UCHERIANG ADERKEROI, rep. of Emadaob Lineage and members of that Lineage,
Appellant,
v.
FELIX FRANCISCO, IRENE FRANCISCO, and FLORENCIA NGIRAIWET FRANZ, rep. the Children of Mechutedil Ngiraiwet,[1]
Appellees.

Cite as: 2019 Palau 29
Civil Appeal No. 18-045
Appeal from Civil Action No. 12-198


Decided: September 5, 2019


Counsel for Appellant Pro Se

Counsel for Appellees Rachel A. Dimitruk


BEFORE: KATHERINE A. MARAMAN, Associate Justice
DANIEL R. FOLEY, Associate Justice

ALEXANDRO C. CASTRO, Associate Justice

Appeal from the Trial Division, the Honorable Kathleen M. Salii, Associate Justice, presiding.

OPINION

PER CURIAM:

[ 1] This appeal arises out of the Trial Division’s decision and judgment in favor of Defendants/Appellees, holding that Plaintiffs/Appellant failed to prove that they are the only strong senior members of Emadaob Lineage of Ngedengoll Clan with the sole authority over the titles and properties of the Lineage. Appellant seeks reversal of the finding that she does not have sole authority to determine who is buried on its odesongel. Specifically, Appellant contends that her attorney failed to present certain evidence that would have resulted in a different conclusion by the Trial Division, and that this failure amounts to ineffective assistance of counsel. In the alternative, Appellant seeks remand for further factfinding and requests that the Trial Division consider the evidence not presented at trial.
[ 2] For the following reasons, we now AFFIRM the Trial Division’s conclusion.
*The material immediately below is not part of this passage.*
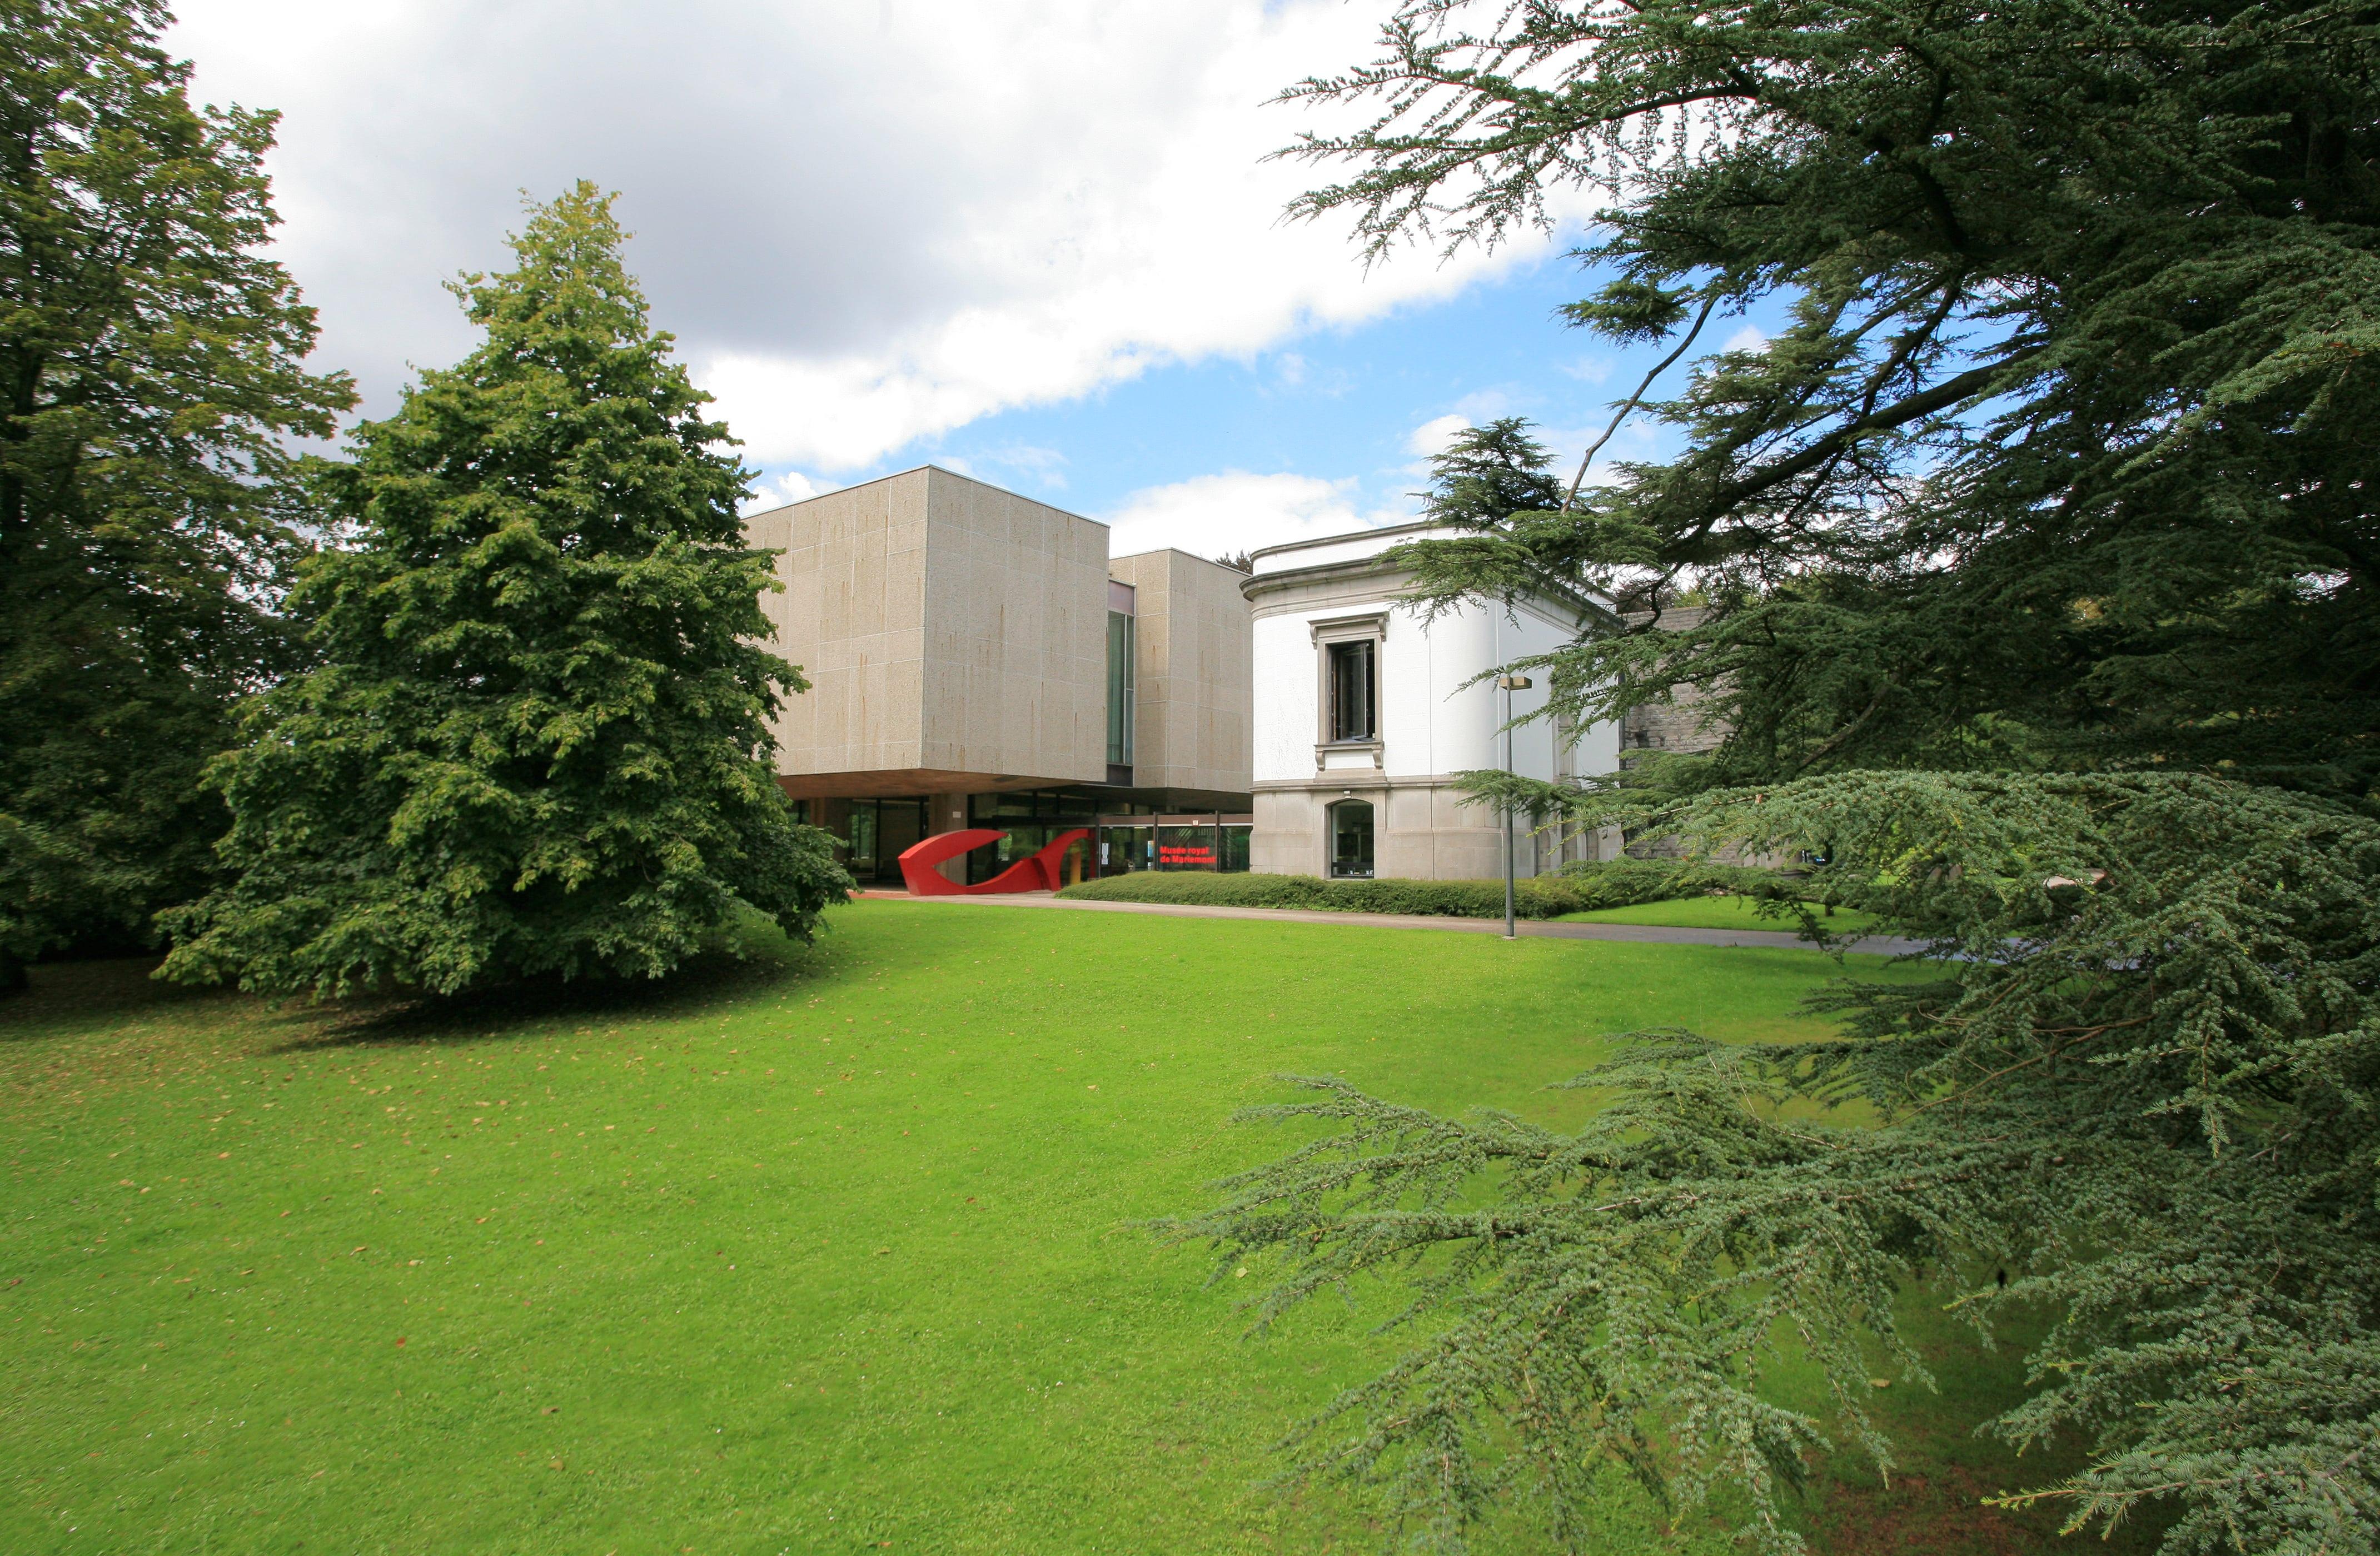 MRM - Entrée Musée (c) MRM
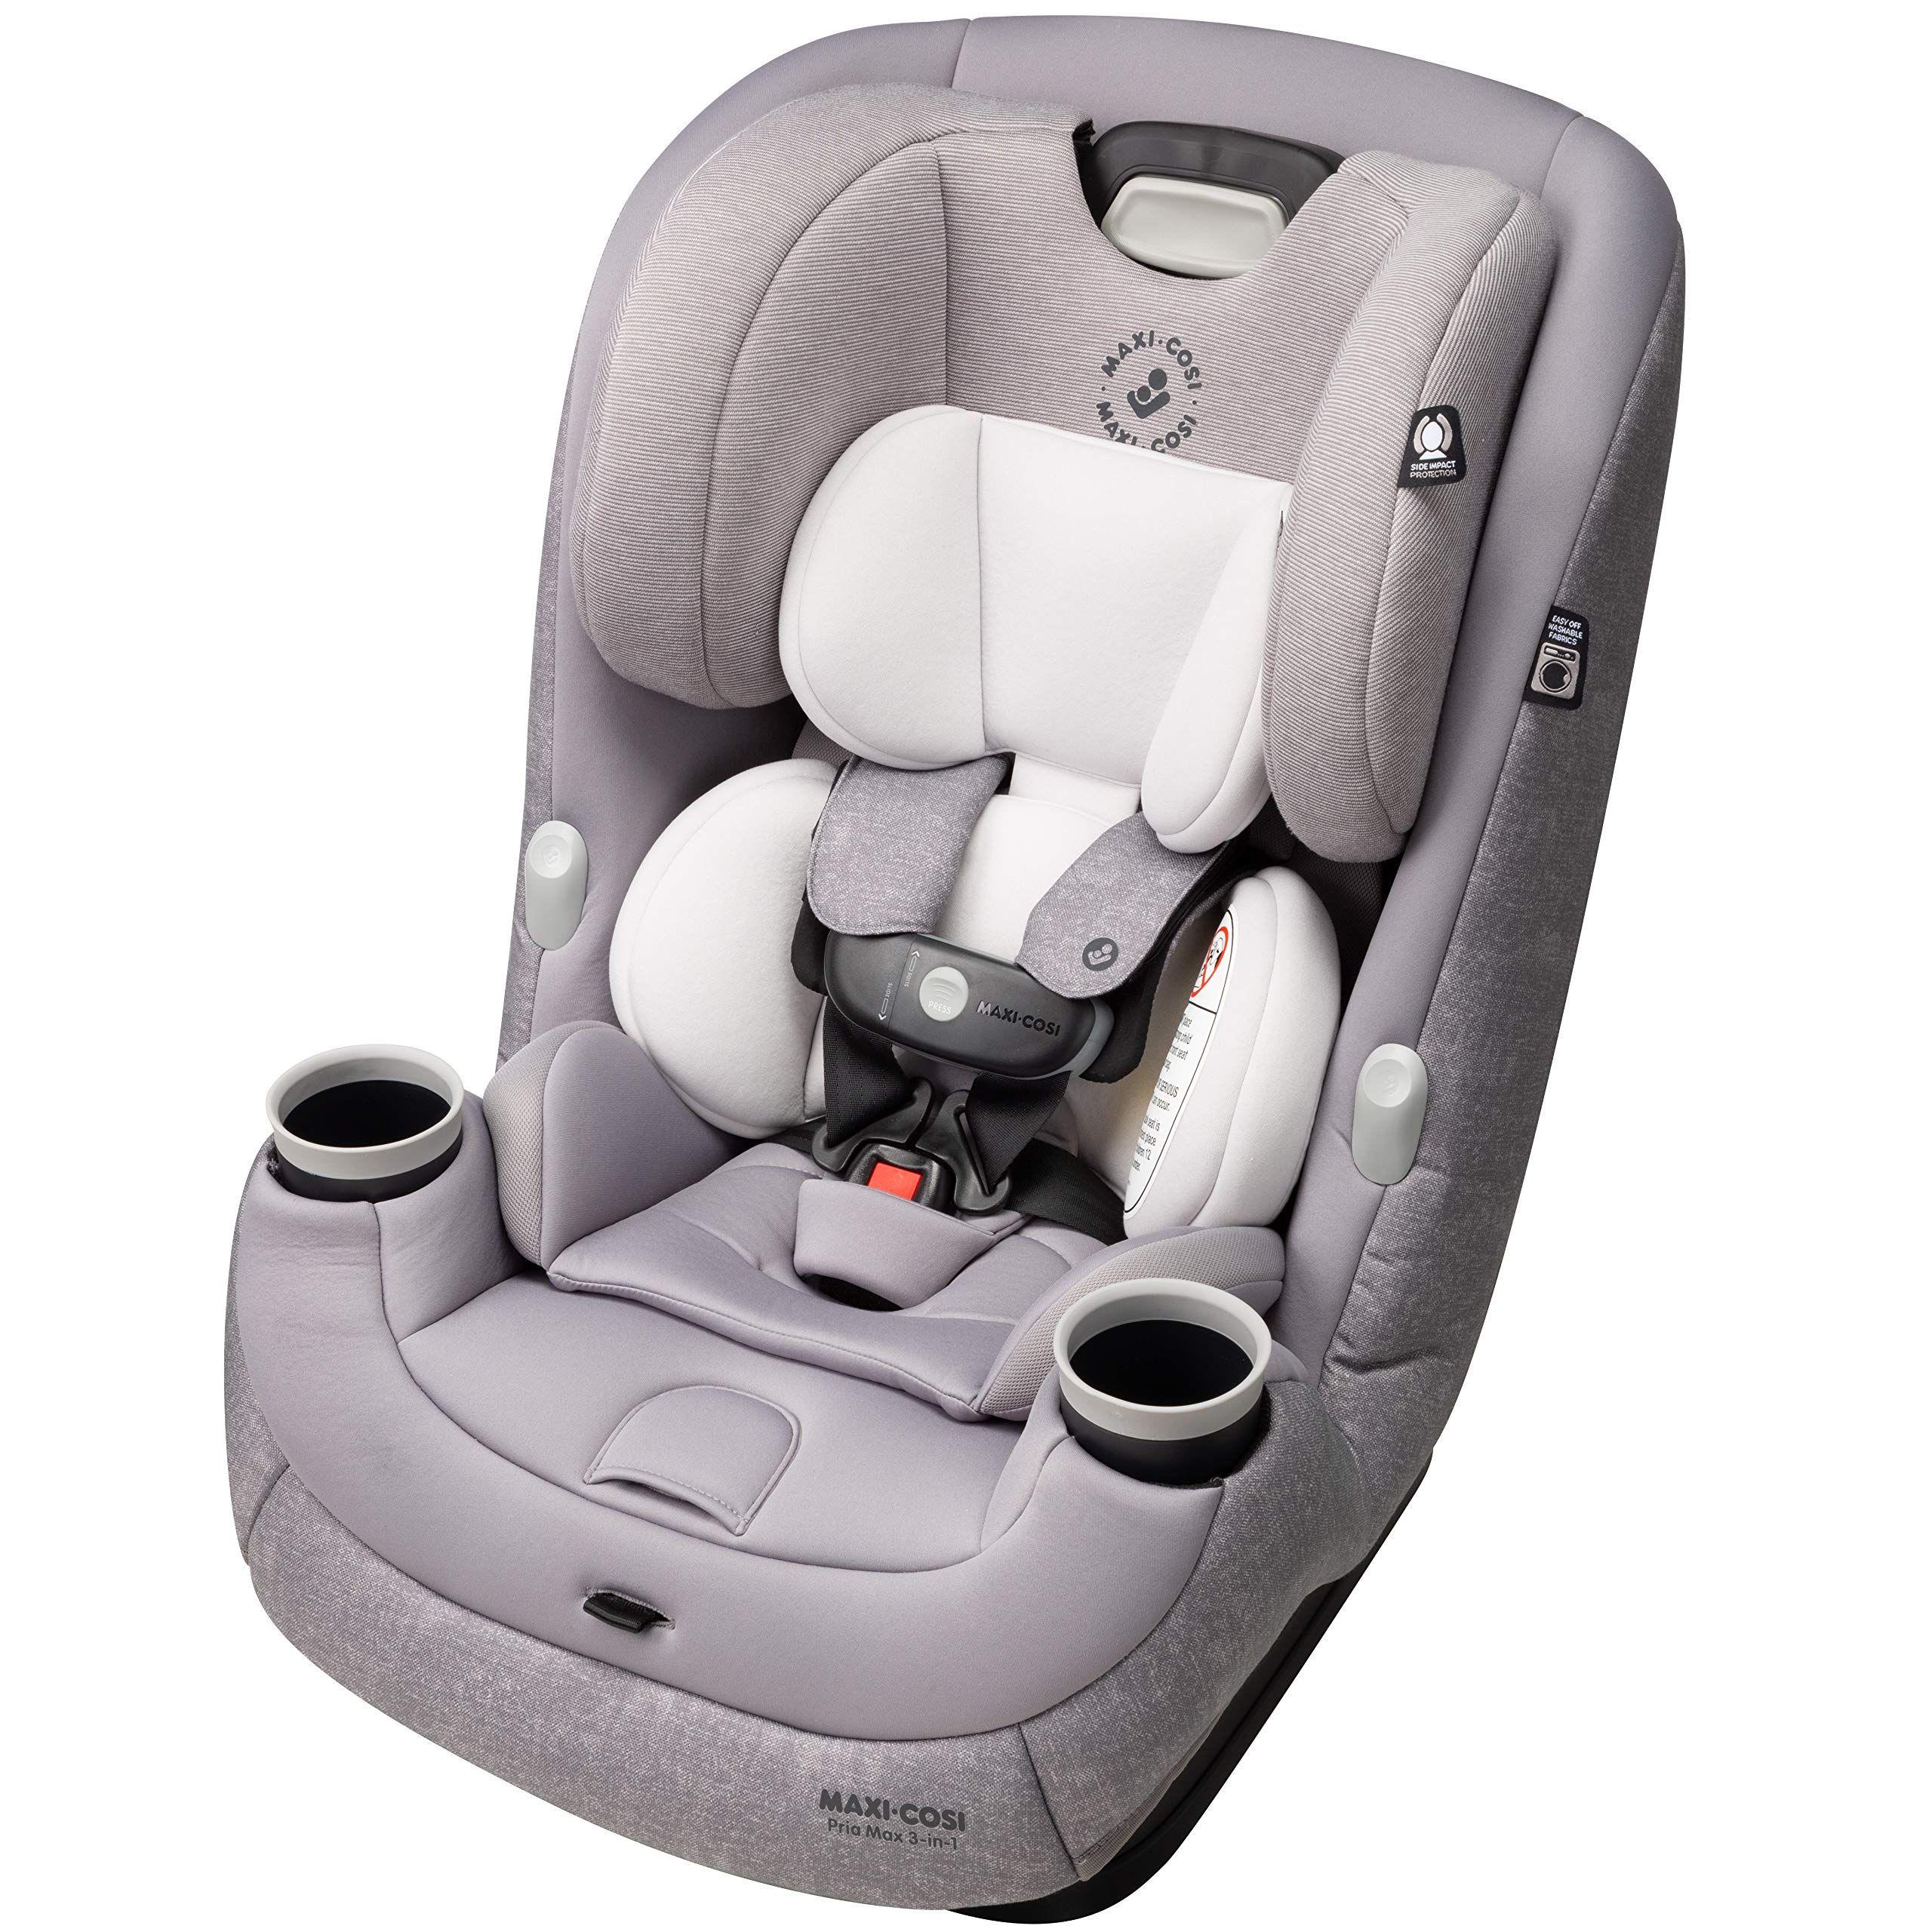 cc0235f22dfc6a6be1eb5517f1bdac45 - How To Get Cover Off Maxi Cosi Car Seat

FACTS AND PROCEDURAL BACKGROUND

[ 3] On November 20, 2012, Plaintiffs below filed a verified complaint for trespass and sought a temporary restraining order, preliminary injunction, and permanent injunction against Defendants. Plaintiffs sought to enjoin Defendants from entering onto land known as Emadaob, located in Urdmau in Ngardmau state, and from burying their relative on the land.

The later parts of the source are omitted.